→ Assignment
Please, from the entries below, transcribe exactly the lines that begin at the line with "Líderes de la" and end at the line with "Necrologio: ricorre oggi", without the pictures.

→ Data under study
━━━━━━━━━━━━━━━━

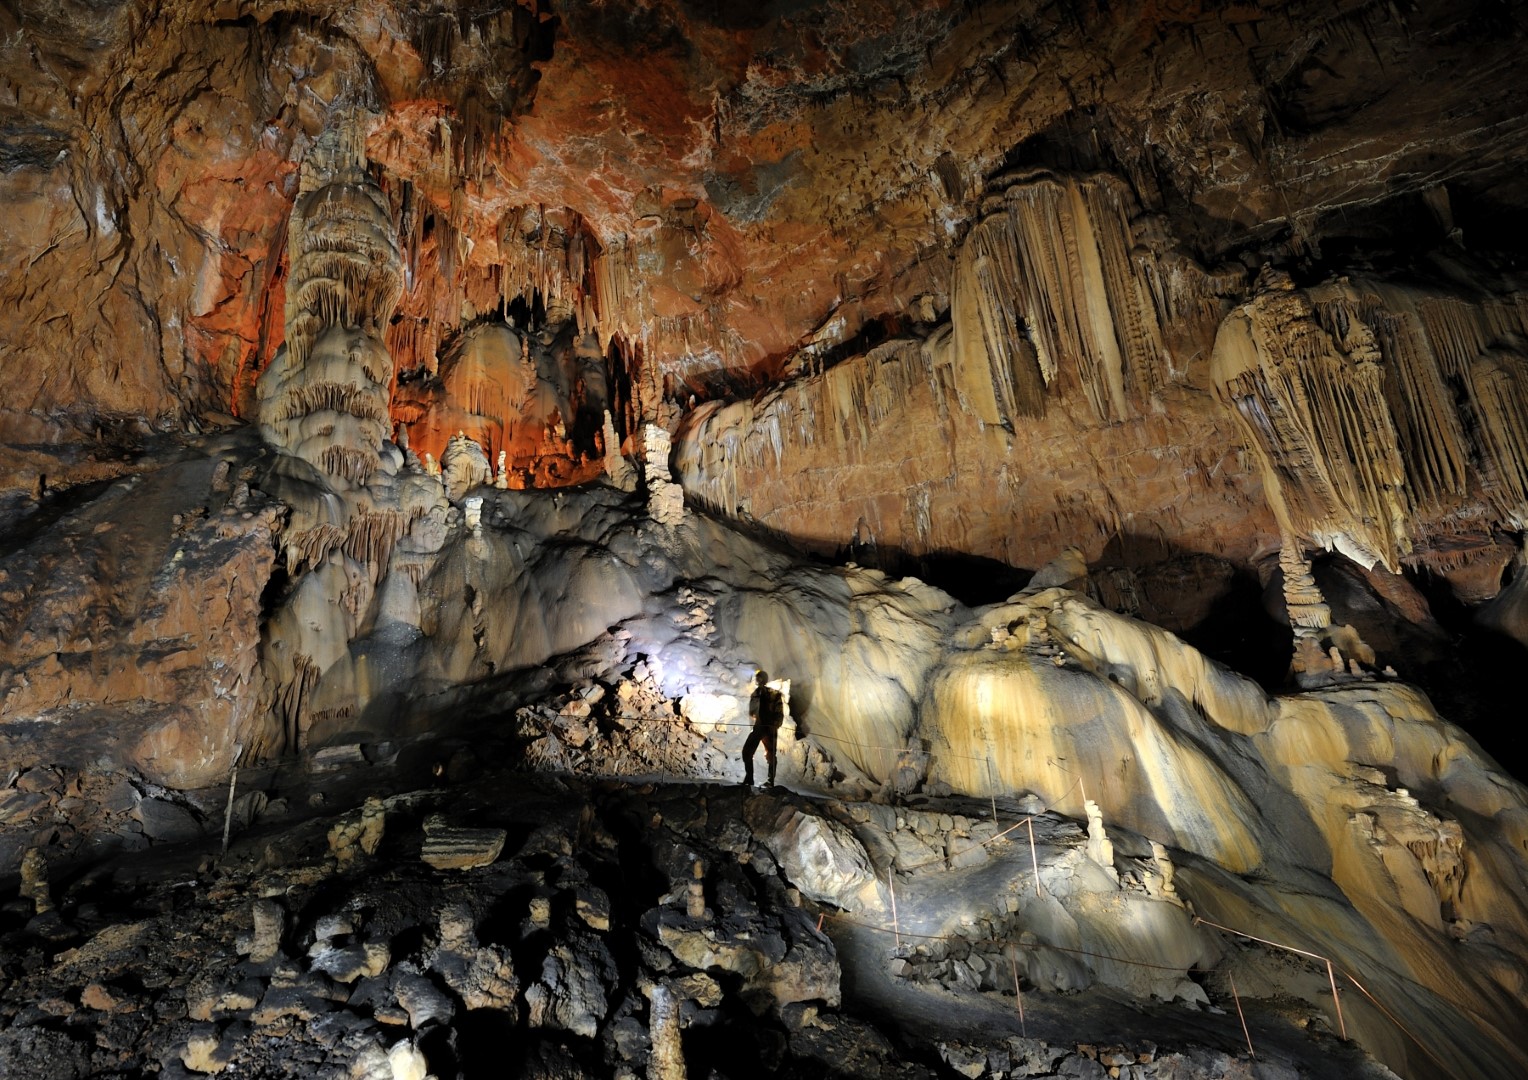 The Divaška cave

━━━━━━━━━━━━━━━━

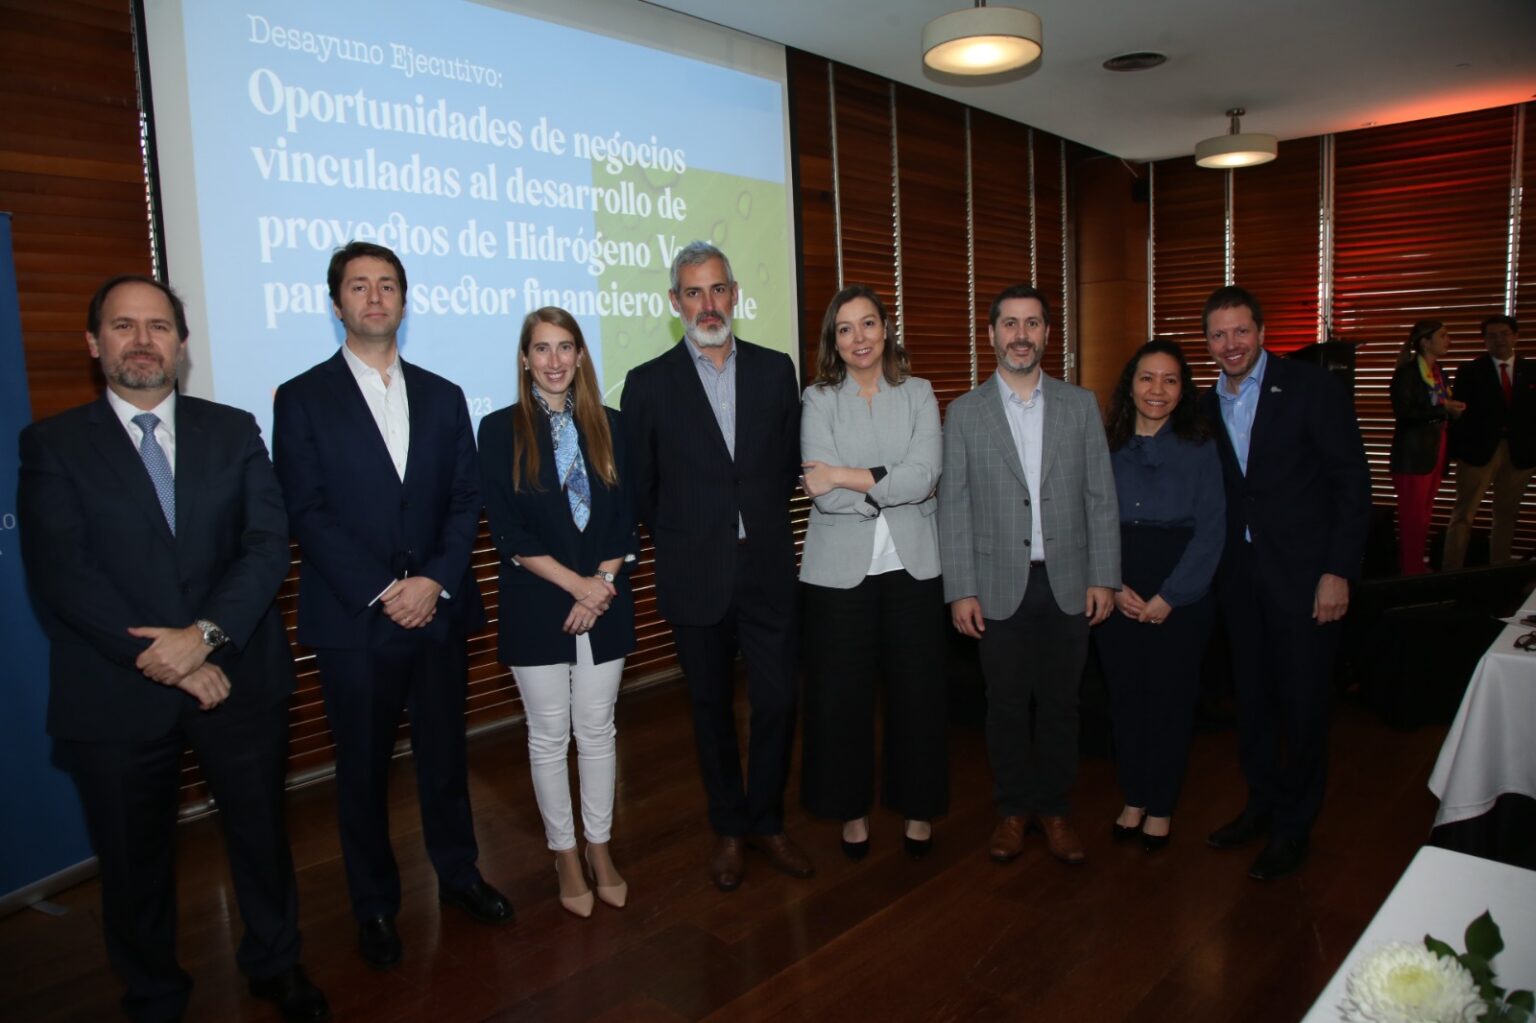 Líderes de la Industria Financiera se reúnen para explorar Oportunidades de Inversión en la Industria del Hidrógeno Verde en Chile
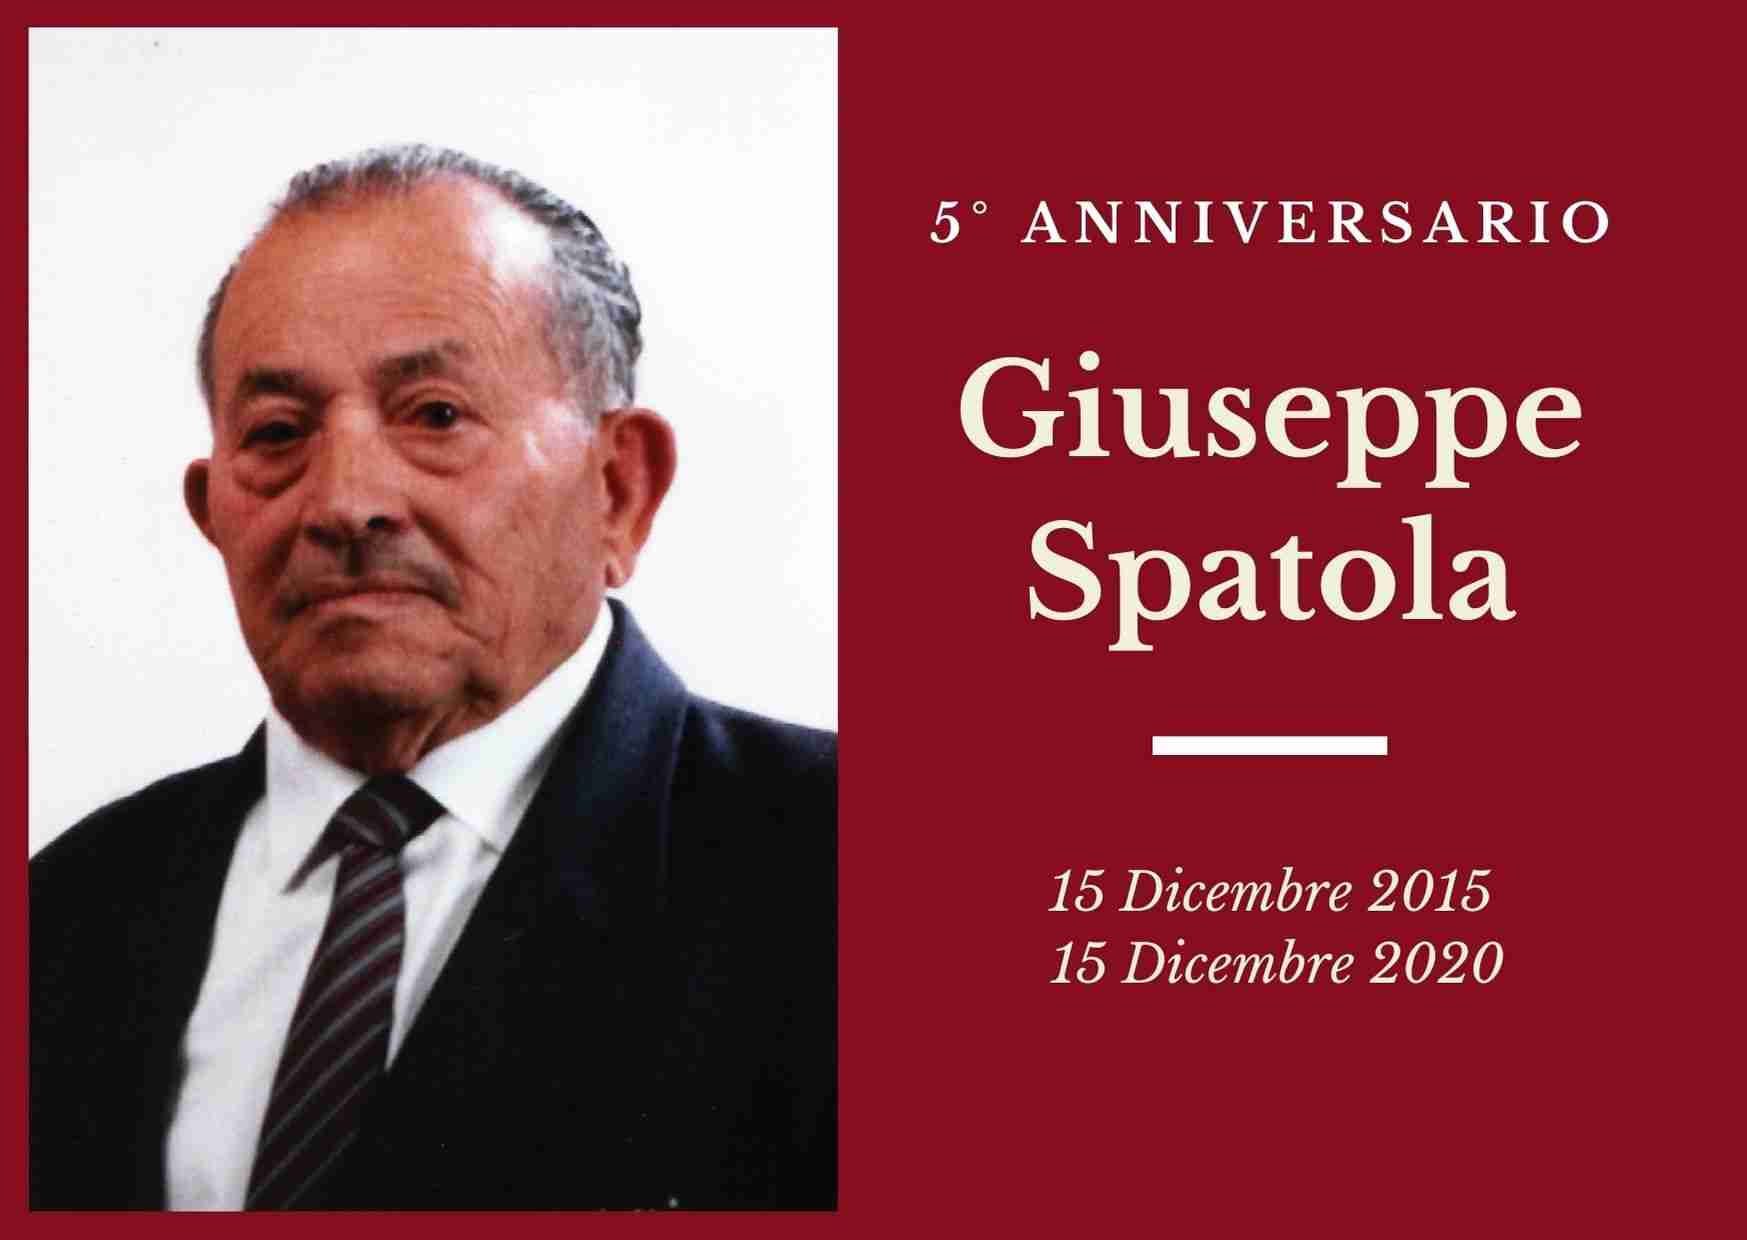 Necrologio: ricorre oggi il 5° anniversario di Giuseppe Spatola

━━━━━━━━━━━━━━━━

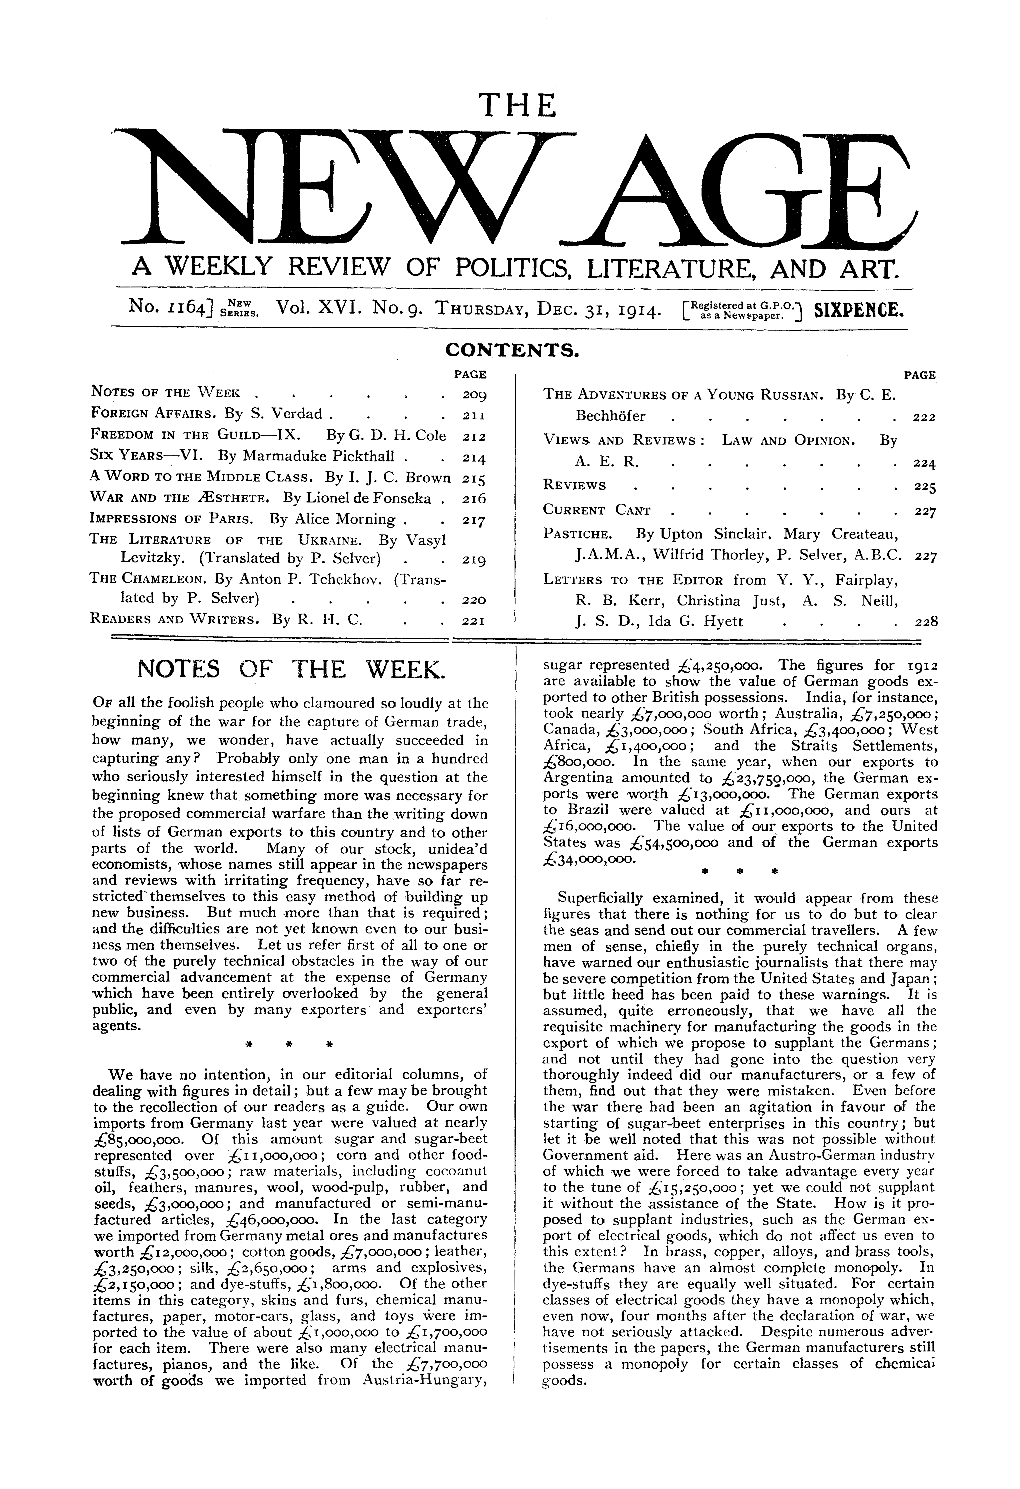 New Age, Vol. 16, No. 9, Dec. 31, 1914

━━━━━━━━━━━━━━━━

→ Solution
 Líderes de la Industria Financiera se reúnen para explorar Oportunidades de Inversión en la Industria del Hidrógeno Verde en Chile
 Necrologio: ricorre oggi il 5° anniversario di Giuseppe Spatola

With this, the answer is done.